For starters: navigating the web in the beginning consisted of clicking links
which caused you to go from one website to another. This all worked well when
(a) the web was small and (b) there were (hardly) no trash pages.

Search engines changed that, and once they got 'good enough' the link graph
became a mere starting point for crawling the web rather than the way we
navigated from site to site. For a little while the link graph was used as a
popularity measurement but this too changed (because of the huge number of low
value links).

Then we got silos. A 'silo' is a bunch of data locked up under a trade between
users and large web properties. The trade is 'you give us your content and a
bunch of information about yourself and we'll use that content to attract
others and to sell ads'.

Examples of such silos are Google, Yahoo and Facebook.

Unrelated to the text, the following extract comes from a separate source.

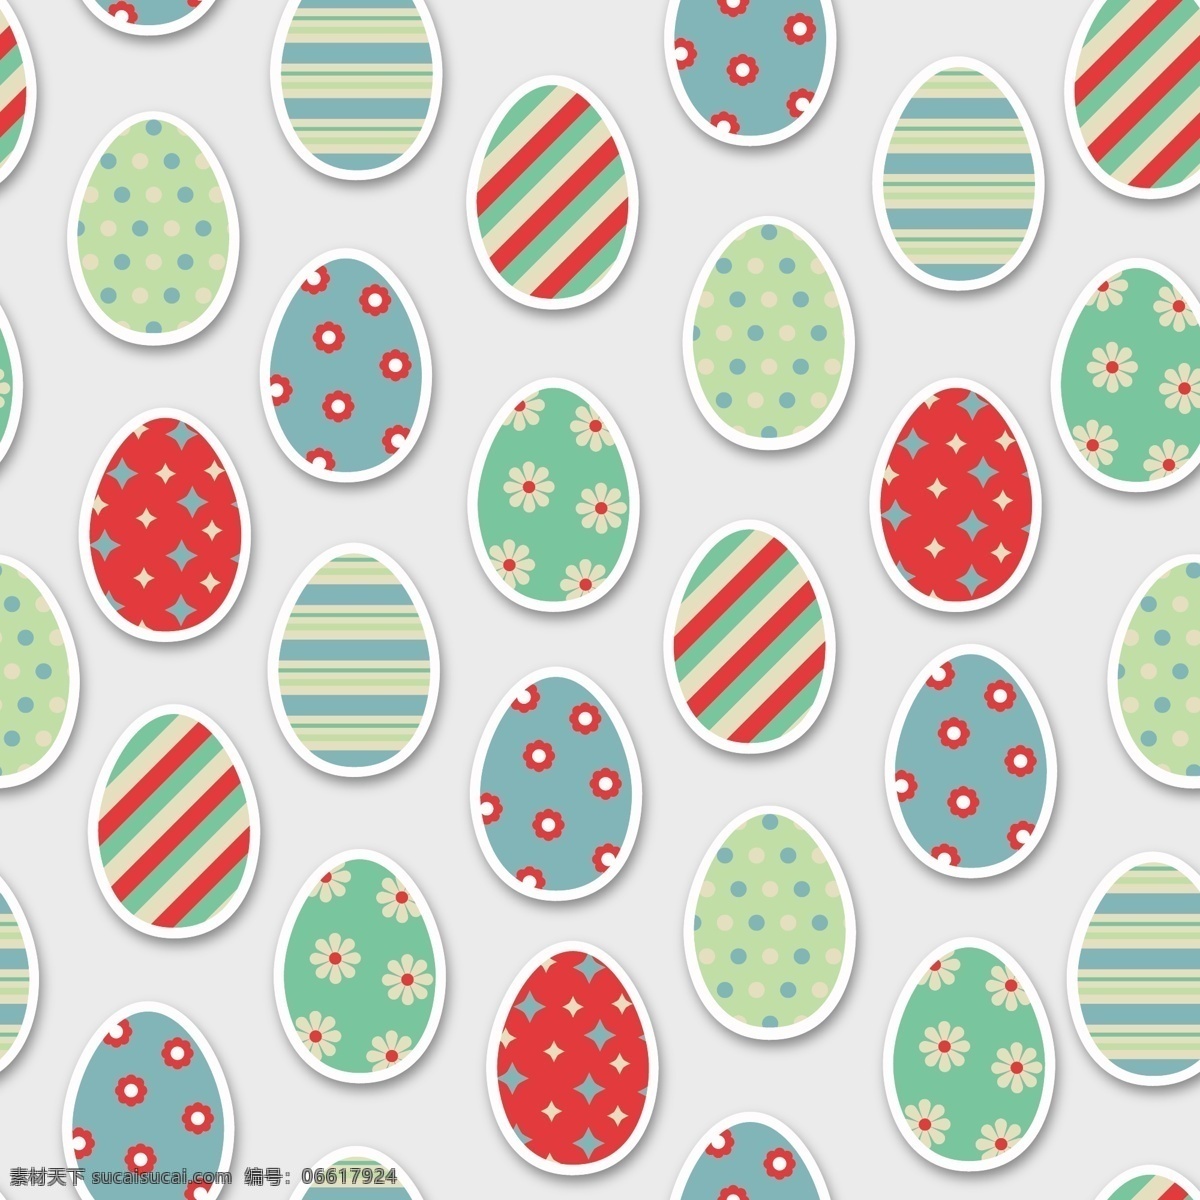 扁平 复活节 鸡蛋 背景 矢量图标 复活节图标 图标设计 时尚 矢量素材 复活蛋 彩蛋 鸡蛋花纹 复活 蛋

Finally, if originally (and the internet itself) was strung together by a
peer-to-peer approach it turned more and more into a division between
producers and consumers, with the producers on the 'server' side and the
consumers on the 'client' side.

Mobile devices accessing the net further accelerated this trend, right now the
only internet (not web) applications that are still peer-to-peer are torrent
applications. For the most part the division on the web is complete and
hosting a web server on your very powerful cable modem or DSL line would be
grounds for termination of your access.

Servers are hosted centrally and are operated by companies whereas clients are
simply terminals that access the content stored on those servers.

I hope that answers your question in enough detail, you could easily write a
book about this.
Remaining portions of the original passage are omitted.